Bye for now
- Laura Batt
- Feb 3, 2016
- 3 min read
Vicki Harrison wrote that "grief is like the ocean; it comes on waves ebbing and flowing. Sometimes the water is calm, and sometimes it is overwhelming. All we can do is learn to swim.” I feel like it will be a long time before my family learns to swim again but the wonderful memories we have of my Grandad will comfort us in future moments of fragility.

The day we said our final farewells couldn't have been more perfect. The warmest of words from everyone who knew him have already begun to heal my heart and to see every pew filled with his oldest friends ensured me that he will never be forgotten. From the love songs of Elvis to the toe-tapping, jive number we knew would make him smile, the service was a roaring celebration of his life. There wasn't a single person in the room whose life he hadn't touched, so to say he was adored and respected within the community is an understatement. I have never felt so much pride and sorrow in the same breath, but I can imagine it's a feeling that doesn't come around too often.
I'm so thankful for my family and everything they did to ensure I made it home for the day. Grandad was an enormous part of our lives and to consider not being by their sides to say goodbye was a scary notion for me - I will always be grateful.

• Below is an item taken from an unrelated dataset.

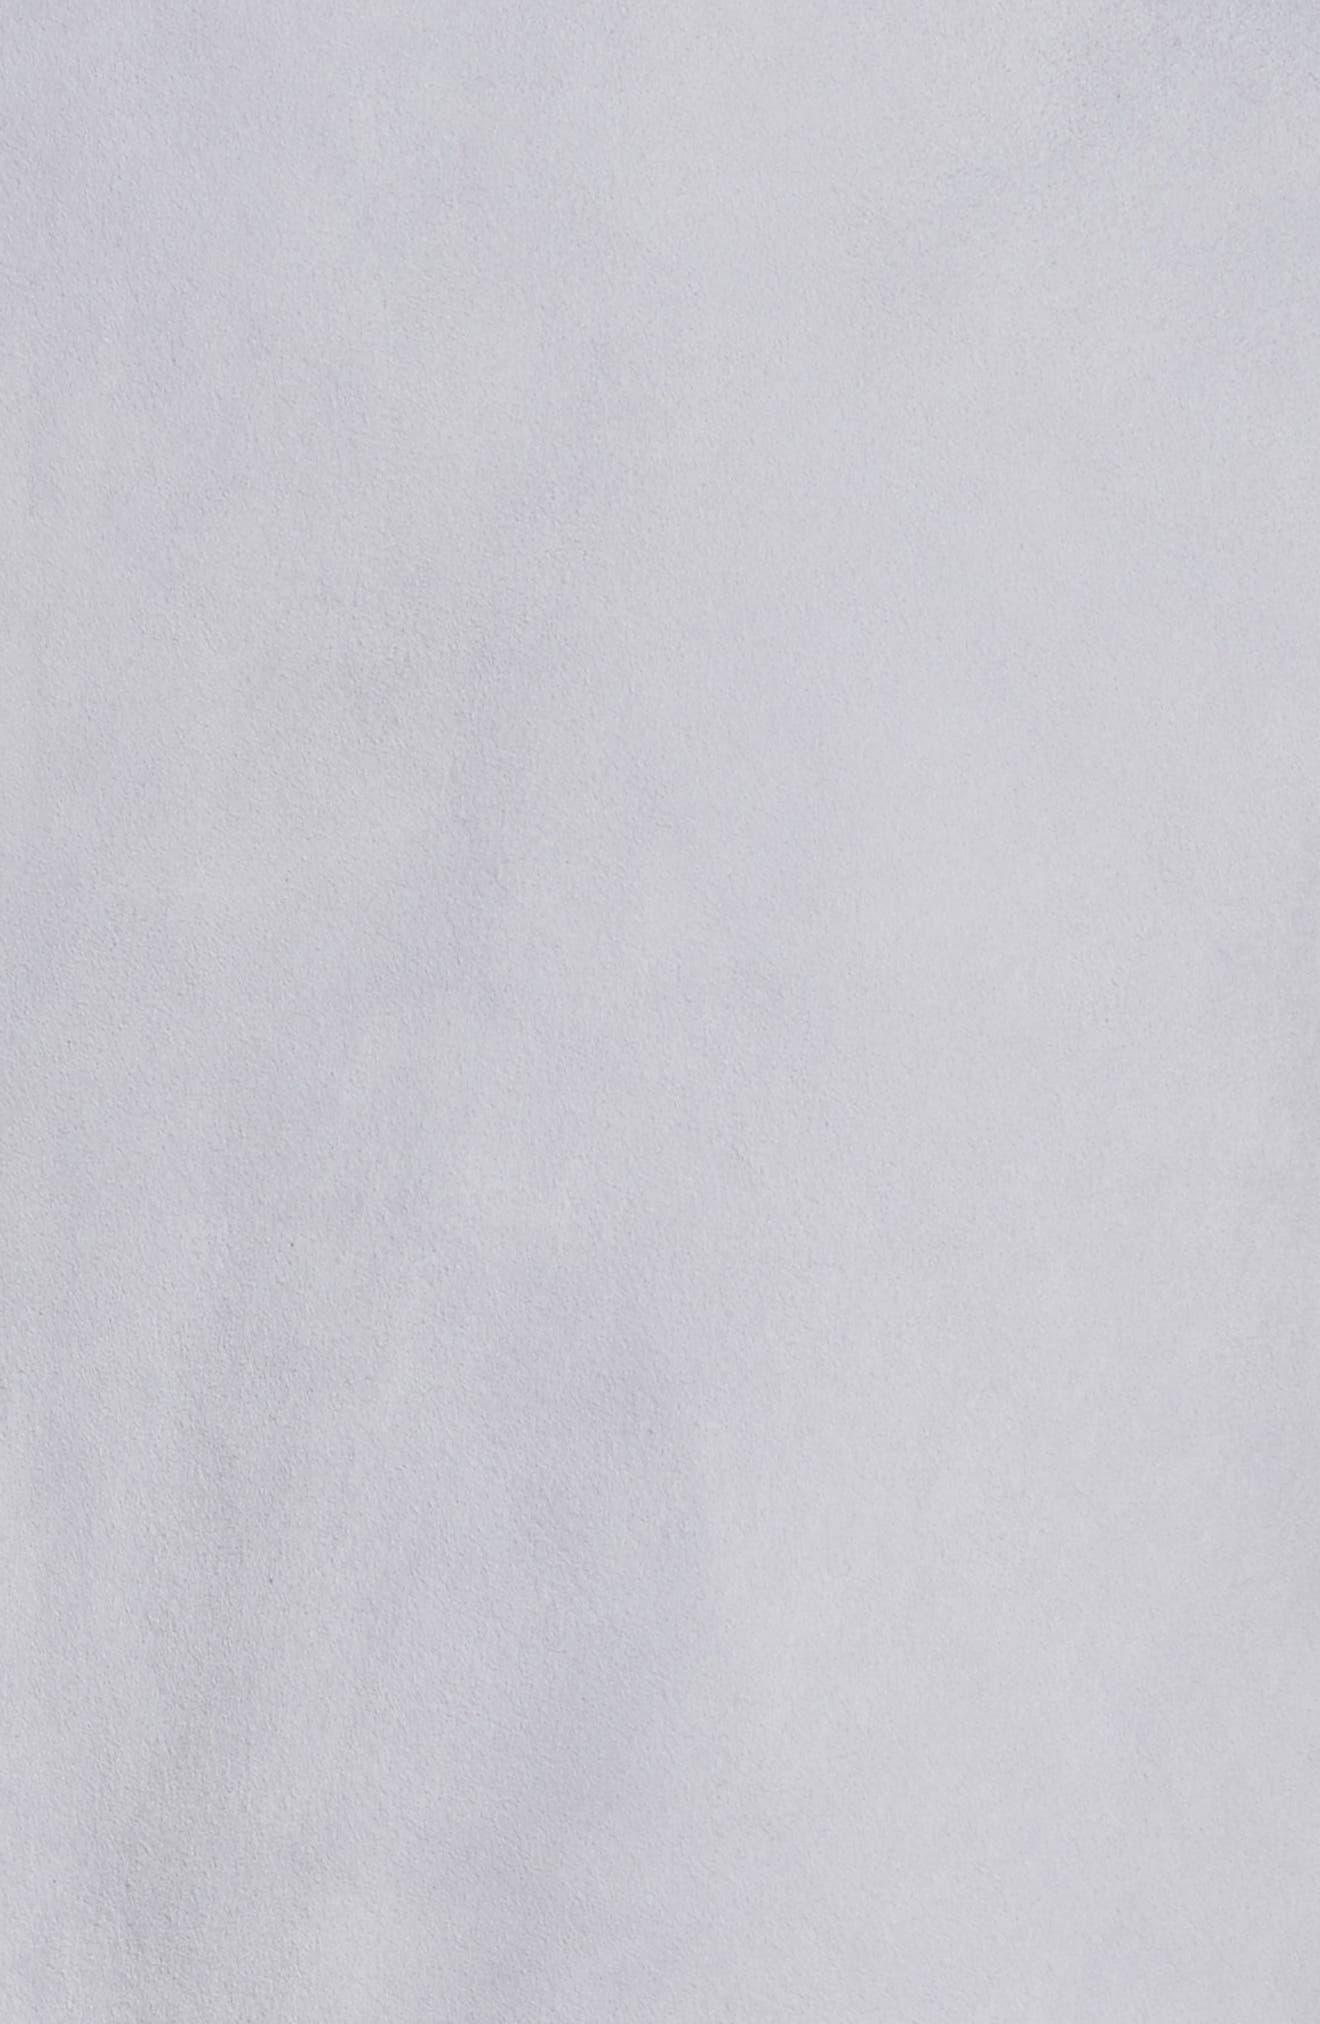 Diane von Furstenberg Patch Pocket Suede Midi Skirt,                             Alternate thumbnail 5, color,                             Smoke
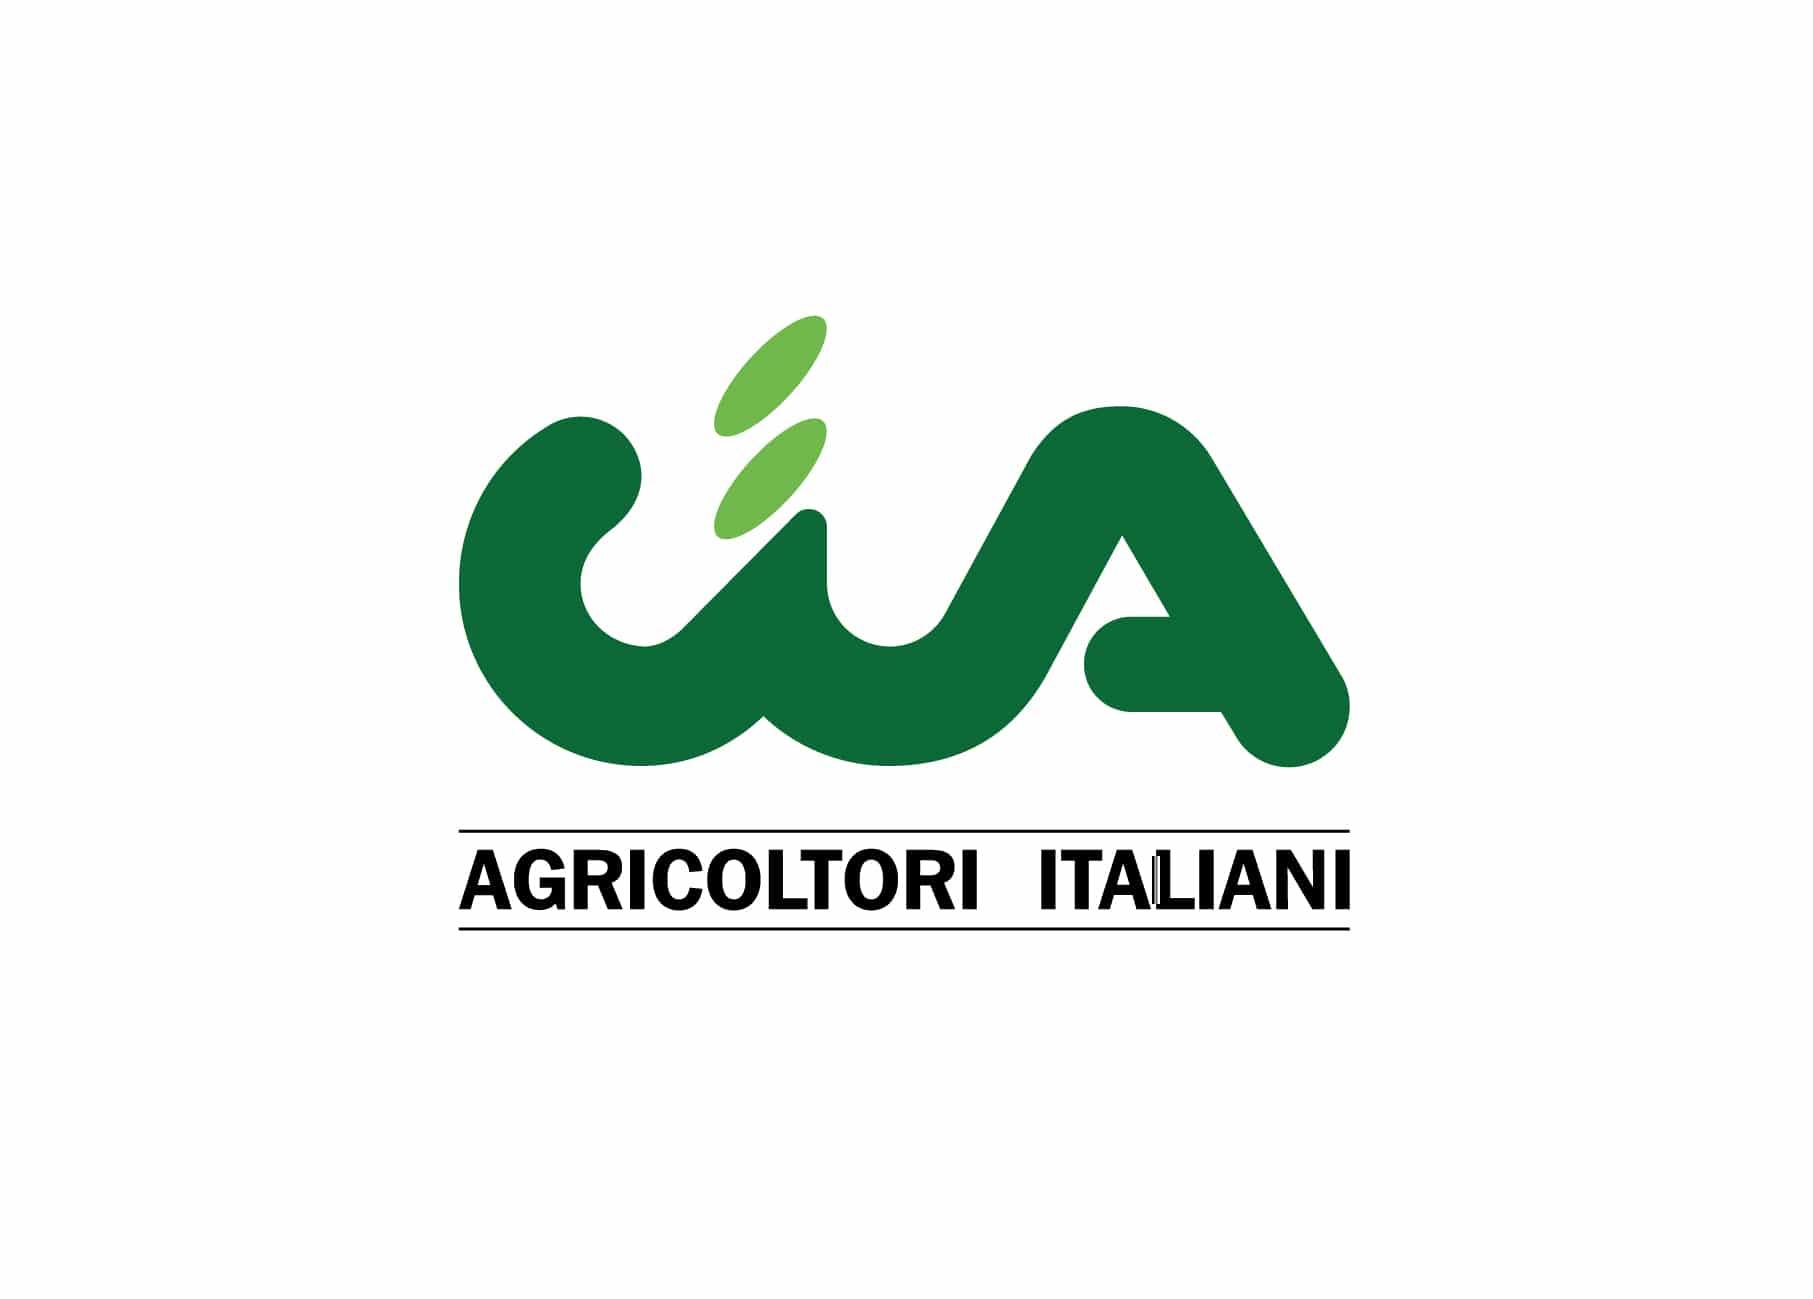 Logo Cia AGRICOLTORI ITALIANI

I'll be heading back to Sydney to continue my adventure this coming Monday. It's now more important than ever that I make every day count because the only person who was more excited about this trip than me, was my Grandad!
Talk to you soon,
Laura
P.S. I had the honour of reading some words I'd written at the service. I wasn't sure whether to include them, but I think without them it's almost impossible to express how much of a character he was. Read at your will!
On the 3rd of January 2016 the world lost a great man. Peter John Finlan was a Navel cadet, a bus driver, a carpenter and a full time joker but most importantly he was my incredibly warm and spirited Grandad.
The loss I am feeling right now is inconceivable. When people refer to their Grandparent as their best friend, something doesn't quite sit right with me. Grandad wasn't my best friend; I didn't chat with him about idle gossip or the latest trends. When he asked me a question he wanted to know how I was, how my week was going and what had made me happy that day. He knew how to reason with me when I was headstrong and lift my mood when no one else prevailed. He was generous, at times stubborn but always the voice of reason. He wasn't my best friend because he was so much more; he was formidable everyday.
I always admired how deeply Grandad loved. He shared his heart with so many, be it his friends, his children, or his grandchildren. But no one quite stole his heart like my Nan. As Nan's memory began to falter and the sparkle in her eye wasn't quite as bright, no one could deny the sparkle still left in Grandad's. They were soul mates and I can't even begin to comprehend the devotion he felt for her. I will always remain in awe of his laughter, his courage and his strength until it was time for him to leave us.
The void my Grandad has left is immense. He touched more lives than I can ever hope to in my lifetime and made more people smile than I can even begin to explain. As he wrote in my birthday card this year, something special happened when he held me in his arms for the first time. Everything clicked, he pulled me in and we loved each other from that moment onwards. I am the person I am today because of his guidance and support and know that whatever direction I take my life in, he'll be nudging me in the back with every step.
I'll love you always Grandad, you truly were an incredible man.